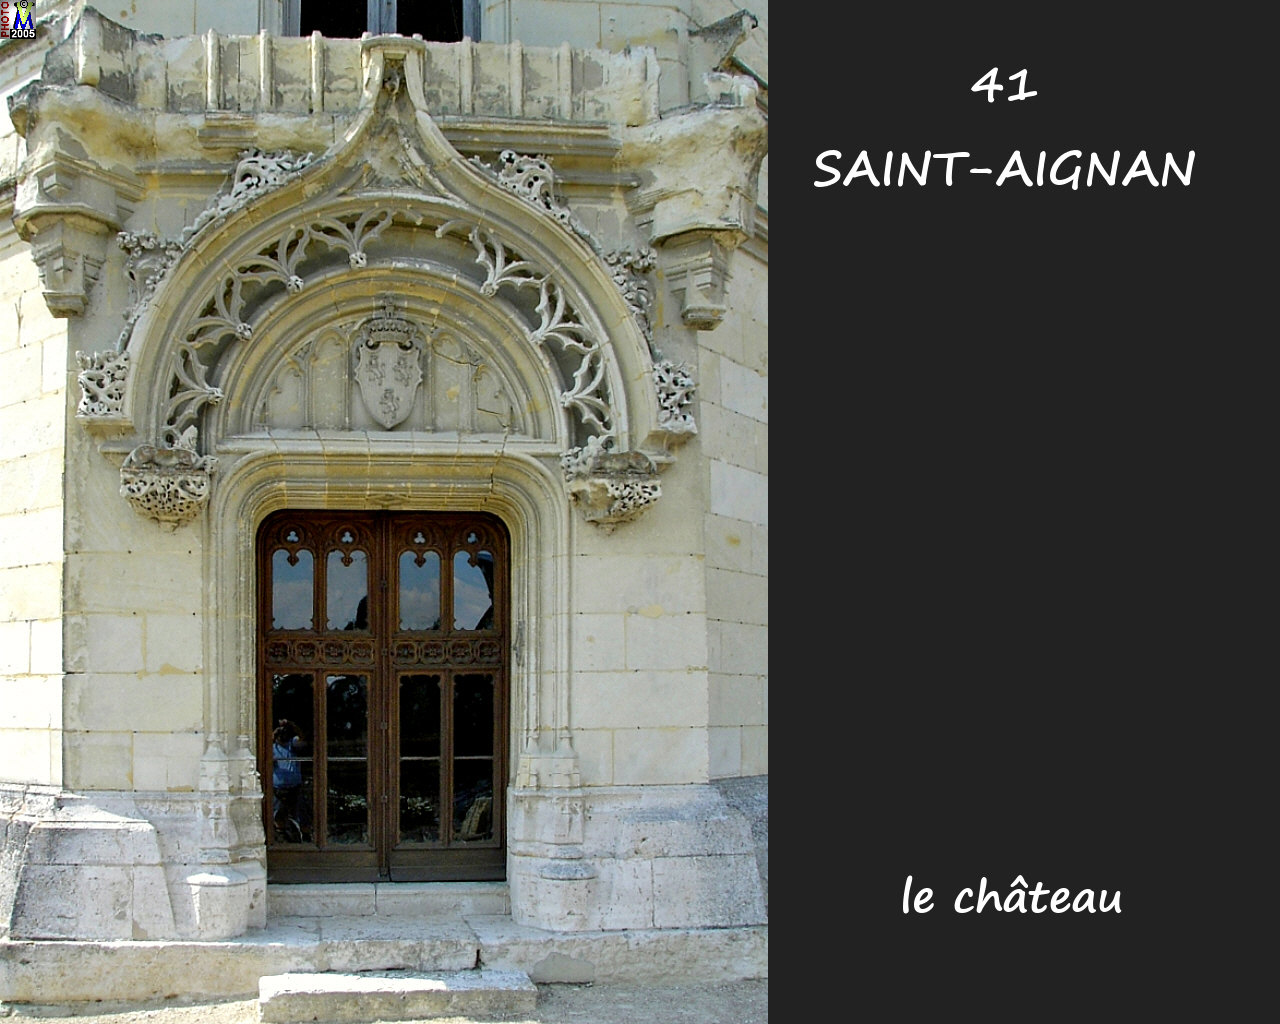 41STAIGNAN_chateau_510.jpg
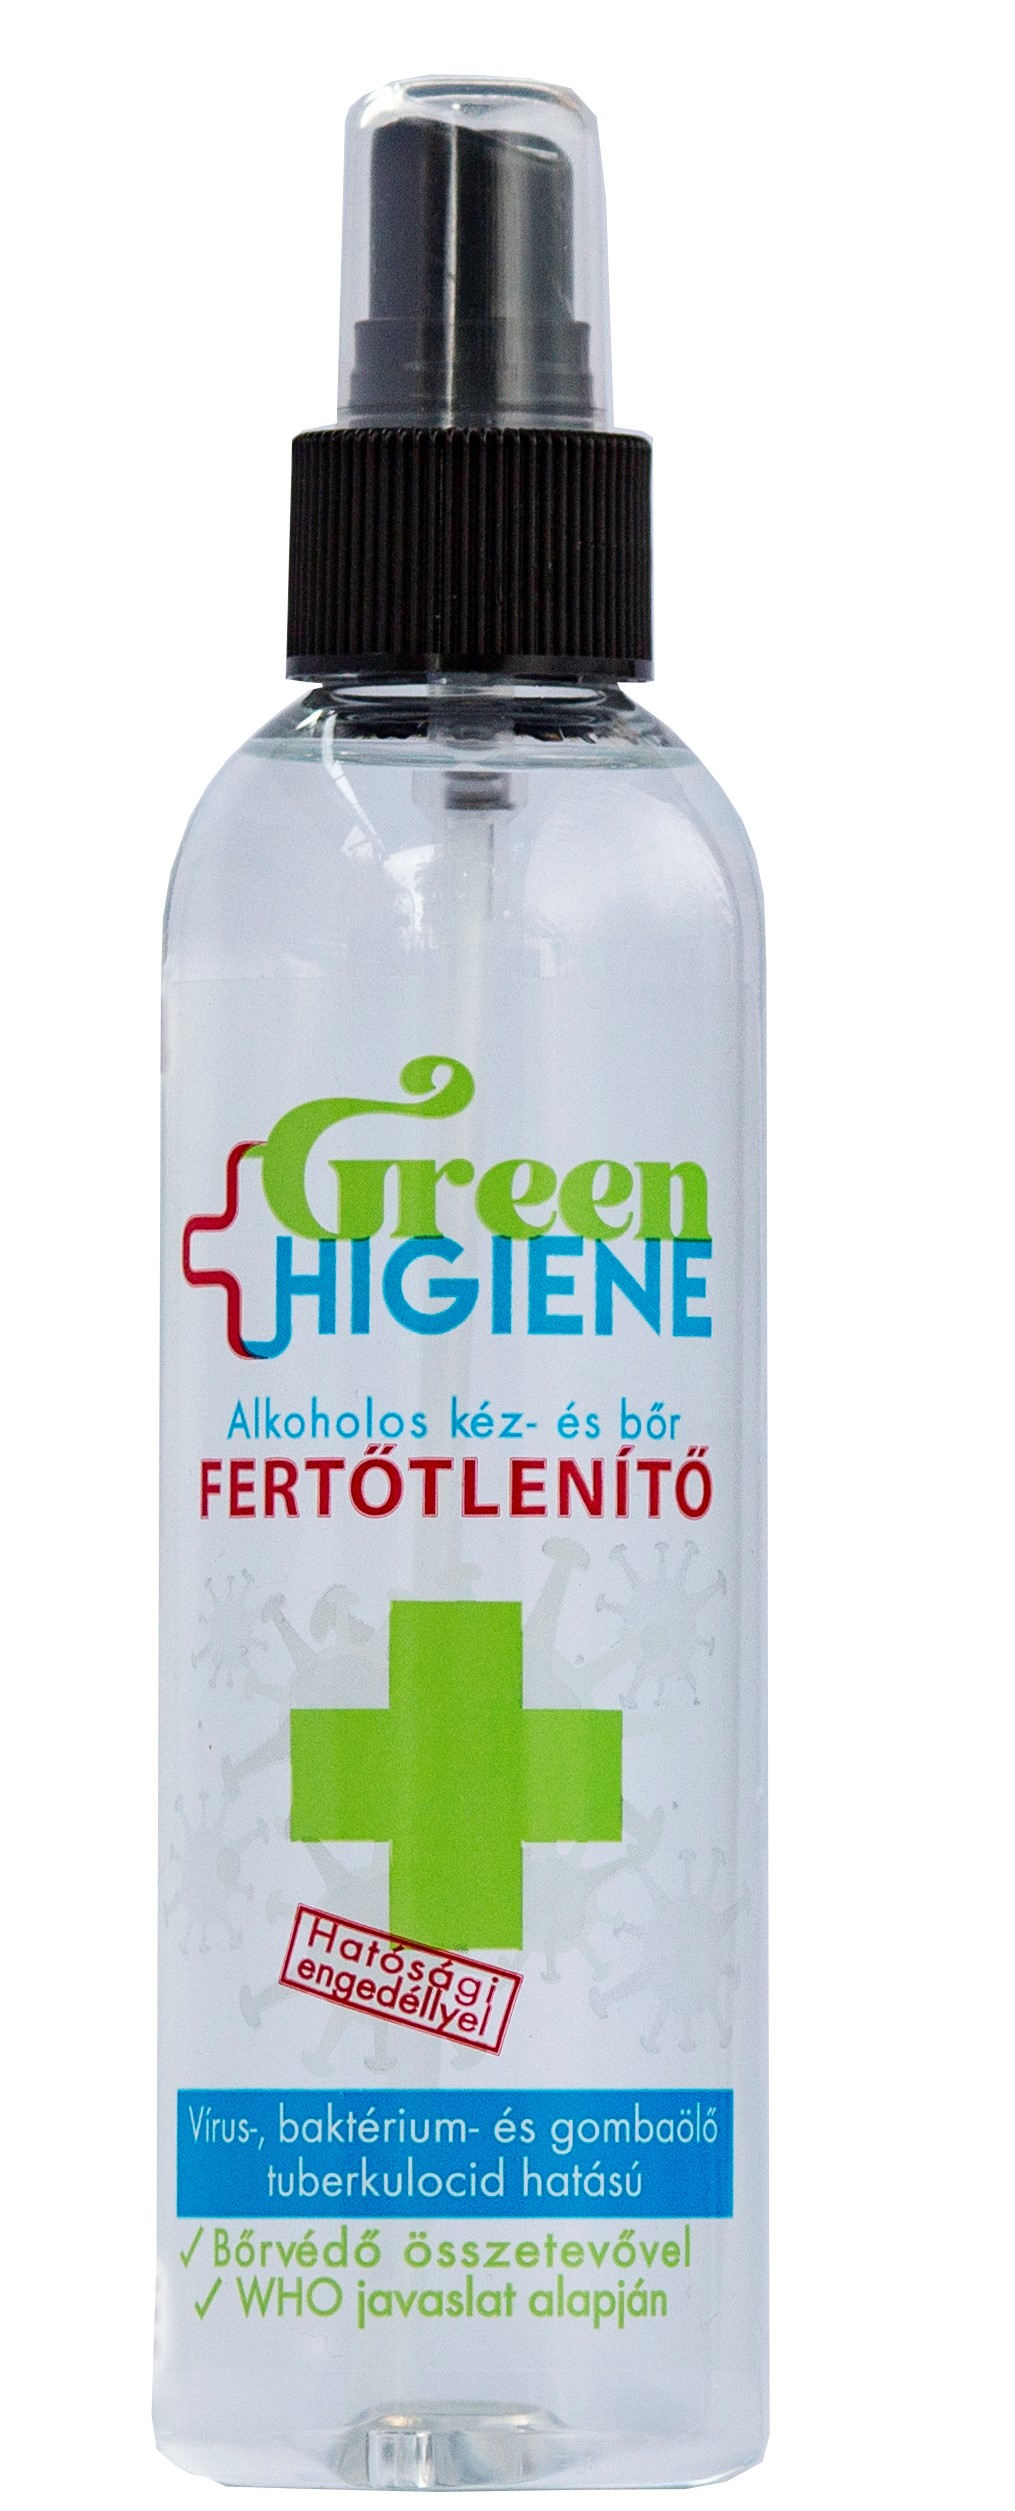 *Green Higiene Alkoholos Kéz- és bőrfertőtlenítő folyadék szórófejjel 200 ml
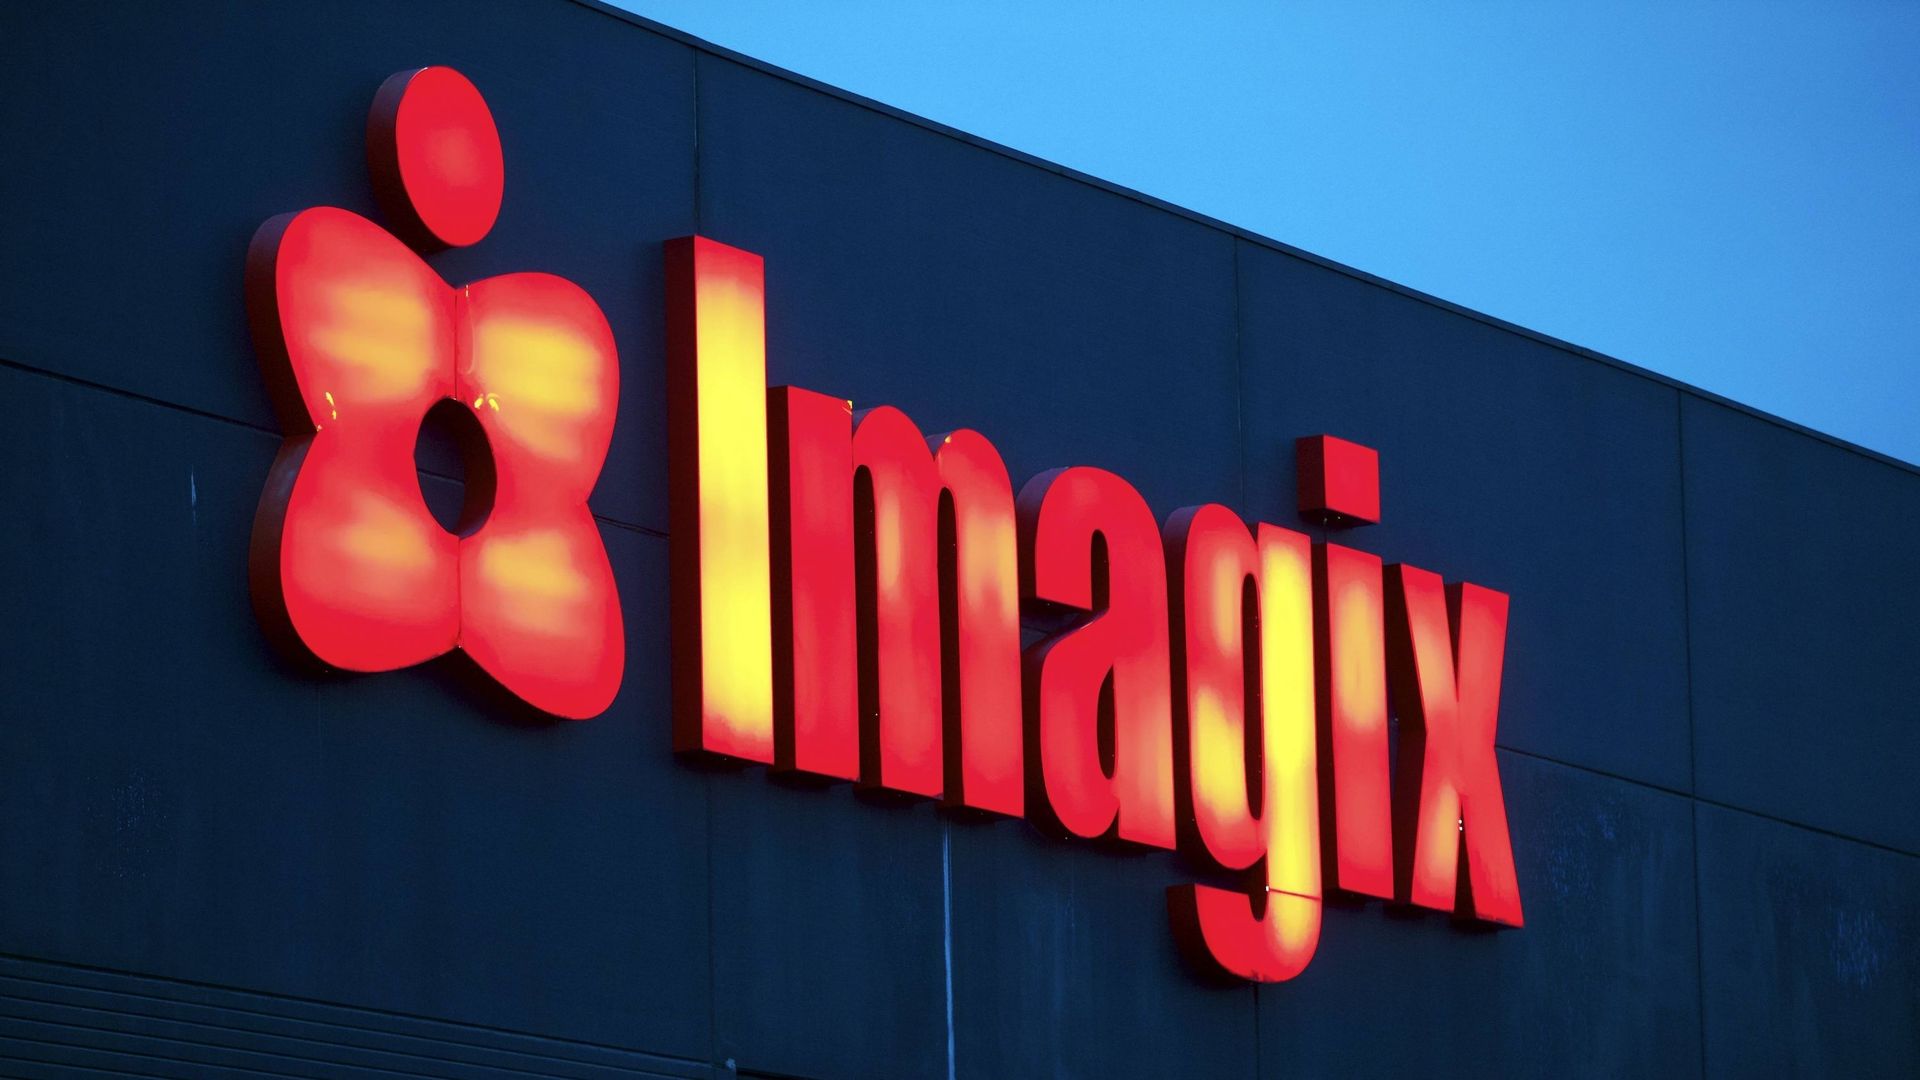 Une illustration montre le complexe cinématographique Imagix à Tournai, dimanche 25 janvier 2015.

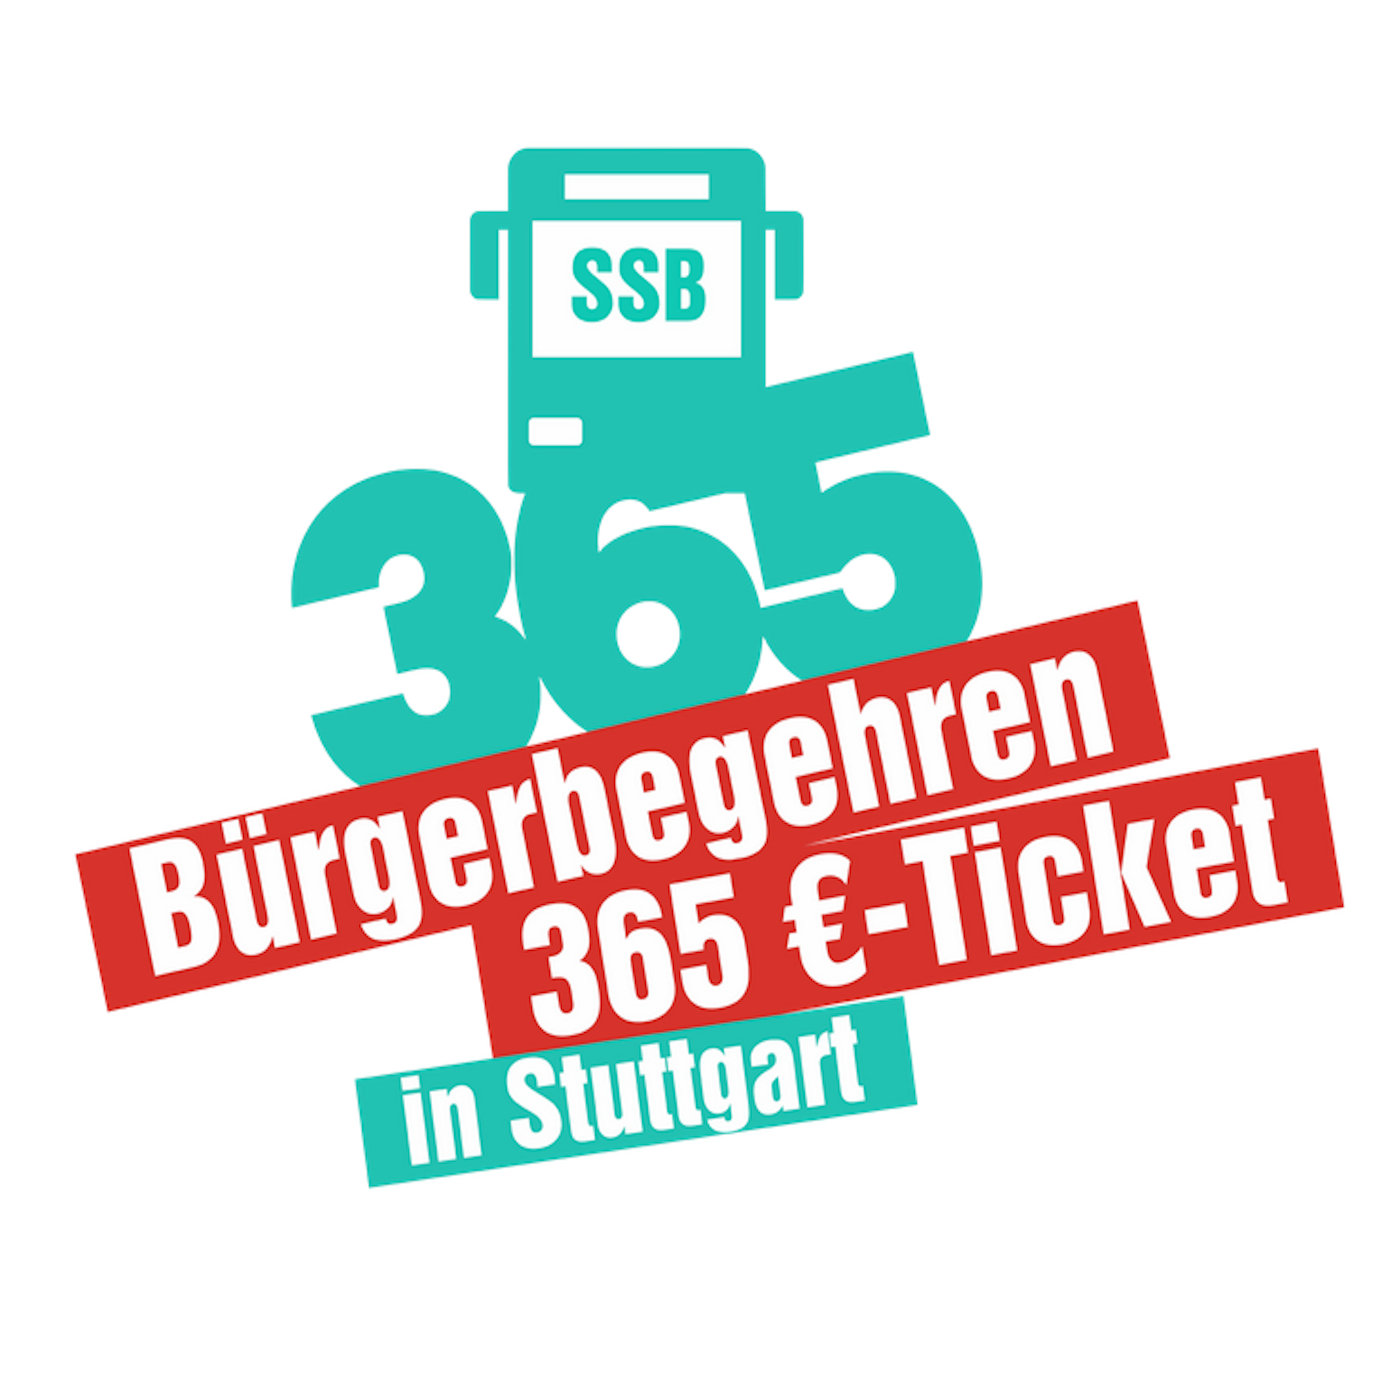 365 €-Ticket in Stuttgart, Interview zum Bürgerbegehren

- **TASK DESCRIPTION**
A word-for-word copy of the data, without its pictures, is what is needed.

- **OUTPUT**
 41STAIGNAN_chateau_510.jpg
 *Green Higiene Alkoholos Kéz- és bőrfertőtlenítő folyadék szórófejjel 200 ml
 Une illustration montre le complexe cinématographique Imagix à Tournai, dimanche 25 janvier 2015.

 365 €-Ticket in Stuttgart, Interview zum Bürgerbegehren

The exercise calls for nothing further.